Which makes me wonder how Microsoft have got it to work at all. The hardware is no different from the chipsets Microsoft are running on. I sometimes wonder if HLSL compiles to pseudocode which gets 'recompiled' when loaded. Don't know, would be interesting to know.

HLSL is compiled to bytecode (Microsoft's specification), so the GLSL issues (different device, different GPU ISA, different drivers, double compilation) are thrown away. The HLSL bytecode then is compiled once at runtime by the GPU drivers to enable optimization.

Yes, HLSL compiler produce a vector bytecode (current GPUs are "super-scalar"), and sometime it adds some useless optimization, but it works well in the large. Of course you need to profile and be careful with the operations and operations' order to achive the maximum performance, but it still works well.

So, compiling HLSL at runtime does not produce any particular benefits outside the development process.

Which makes me wonder how Microsoft have got it to work at all. The hardware is no different from the chipsets Microsoft are running on. I sometimes wonder if HLSL compiles to pseudocode which gets 'recompiled' when loaded. Don't know, would be interesting to know.

Like Alessio mentioned, the HLSL compiler produces hardware-agnostic shader assembly as output. It's basically an intermediate bytecode format, and it's JIT compiled by the driver at runtime into the native microcode ISA used by the GPU. It's rather similar to the process used by Java and .NET to generate runtime code. Compared to OpenGL it has a few advantages, namely that all of the language parsing and semantics is done through a unified front-end rather than having different implementations per-driver. It also can do a majority of optimizations (inlining, constant folding, dead-code stripping, etc.), which is nice since you can do that offline instead of having to do it at runtime. The downside is that the compiler can only target the virtual ISA, and the JIT compiler that produces the actual bytecode won't have full knowledge of the original code structure when performing optimizations.

FYI Nvidia also has PTX which serves a similar role for CUDA, and AMD has IL.

I personally have much, much more expierience in OpenGL than DX, and in OpenGL you should never use precompiled shaders. IMHO

OpenGL doesn't actually have precompiled shaders in the sense of Direct3D's.

Newer versions have allowed an application-controlled shader cache though that's typically built into the GPU drivers anyhow and not necessarily of any real benefit. Some people try to use these for distribution on certain mobile devices and the like, but it's a terrible idea since the GL shader cache blobs are NOT meant to be used on any machine aside from the one that generated them, period. The output of the shader cache is dependent on the specific hardware, the specific driver, the specific OS, and the specific versions of each of those. You might update a driver and your cache is invalid, or some mobile phone might switch chip suppliers a couple months after being released and hence have a slightly/severely different GPU.
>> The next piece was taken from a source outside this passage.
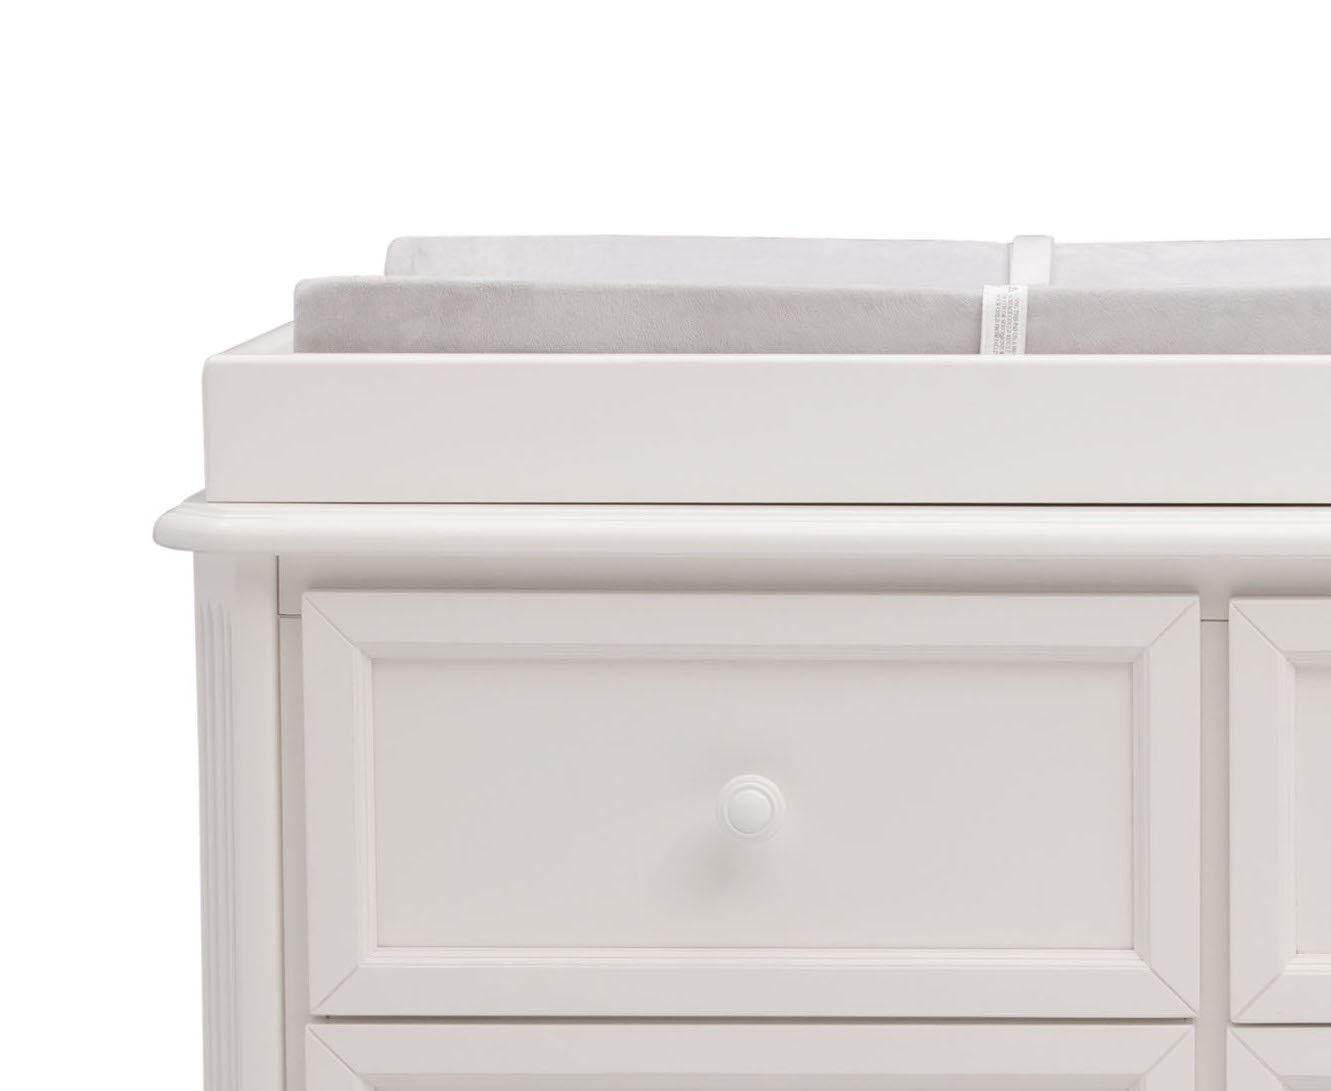 Simmons Kids Peyton 6-Piece Nursery Furniture Set (Convertible Crib, Dresser, Chest, Changing Top, Toddler Guardrail, Full Size Conversion), Bianca White by Delta Children (Image #9)

The only real use for OpenGL's shader cache is to compile the shaders on the end-user's machine during installation so that subsequent launches don't need to recompile anything (and then be prepared to recompile them when the game starts in the event the user dares to upgrade a driver or install a different GPU). In this use case and this use case only, OpenGL's shader cache is not only useful but can actually result in better load times than Direct3D.

You can do something similar with Direct3D by shipping HLSL, compiling to bytecode, caching that, and then passing that in on each startup, but the final compilation steps will always be performed every time you call CreateVertexShader or friends. There's no way for your application to read or save the final hardware-specific shader code in Direct3D, much less load it. However, it's typically a better idea in Direct3D to ship the compiled bytecode, if for no other reason than that it removes a dependency on d3dcompiler_XX.dll from your end product (which is not part of the standard end-user Direct3D redistributable). By not requiring external DLLs you can even make standalone .exe files that launch the game without needing an install process by building your data into the .exe itself, which is handy for some types of games in some circumstances since Fewer Steps to Play == More Players (so more in-game sales in a f2p title, more chance for a reviewer or producer to try it out, etc.). There's a few off-the-shelf engines that have the ability to build stand-alone game executables like that.